83 percent of individual tax returns were filed electronically in 2013.

The Internal Revenue Service’s 27-year-old project of moving more taxpayers into electronic filing hit a milestone with the release on Wednesday of numbers showing a new e-filing rate of 83 percent of individual tax returns.

More than 122 million returns were filed electronically in 2013, 45.2 million of them from home computers, the IRS said in a release noting a 4.6 percent increase over last year’s rate. That, combined with 77 million returns filed by professional tax preparers, brings to 91 percent the portion of returns that -- even if some were printed out and mailed -- were prepared using tax computer software, greatly improving accuracy.

“The greatest growth came in the number of returns that are self-prepared and e-filed from home computers,” IRS spokesman Anthony Burke told Government Executive.

The e-filing rate -- long considered a key performance measure for the agency -- reached 80 percent in 2012, according to the IRS Oversight Board.

Another sign of improved efficiency in administering the tax code is that nearly 77 percent of the 109 million tax refunds -- which totaled $300 billion in 2013 -- were delivered to taxpayers through direct deposit. In addition, the number of Americans visiting the IRS website rose almost 24 percent in 2013 over this same time the previous year, already reaching 430 million visits, the agency reported.

Also on Wednesday, the IRS won plaudits from the Treasury Inspector General for Tax Administration, which released a report on the agency’s “successful” transition of its e-filing software from a legacy system to a modernized one during 2013.

The TIGTA audit examined IRS’ conversion to an Internet-based platform that provides a single method for filing business and individual tax returns, forms and schedules that speeds up acknowledgments to taxpayers.

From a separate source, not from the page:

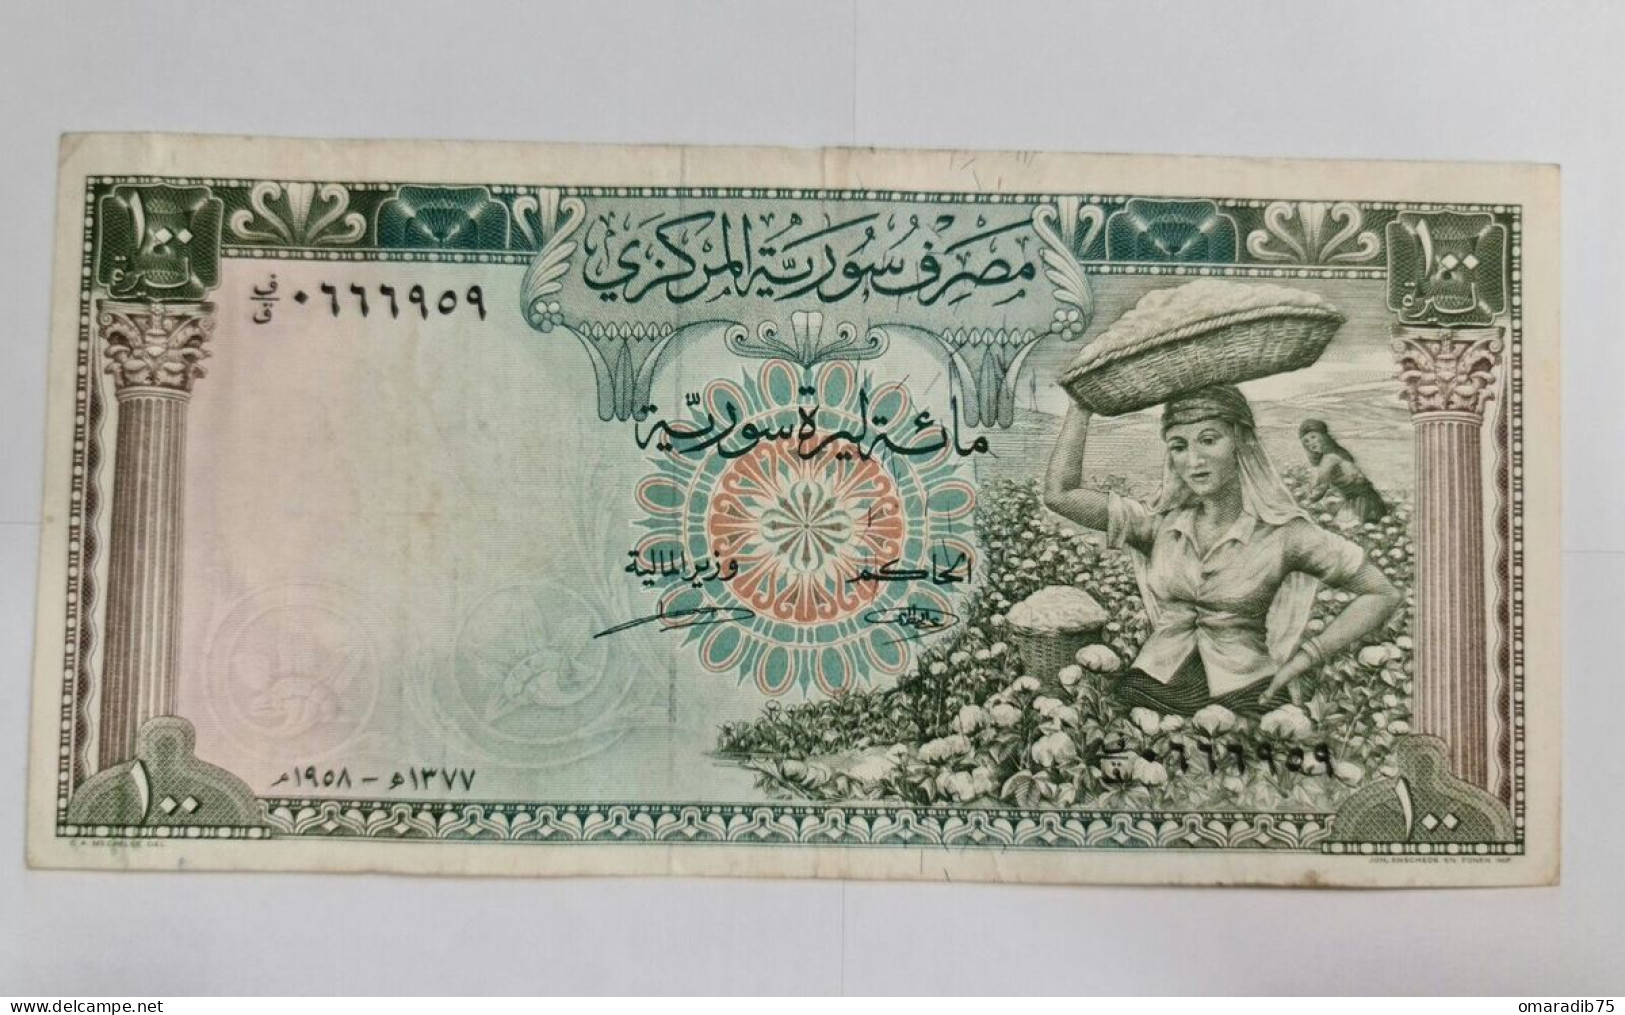 S Y R I E, Billet 100 LIVRES 1958 - Syrie

“The Modernized e-File project has been a labor-intensive effort lasting more than a decade to revolutionize the way taxpayers transact and communicate with the Internal Revenue Service,” said J. Russell George, Treasury inspector general for tax administration. “So the latest fruit of this effort, the successful migration of processing all individual tax returns to this system and retirement of the Legacy e-File system, can certainly be viewed as a significant milestone for the Internal Revenue Service.”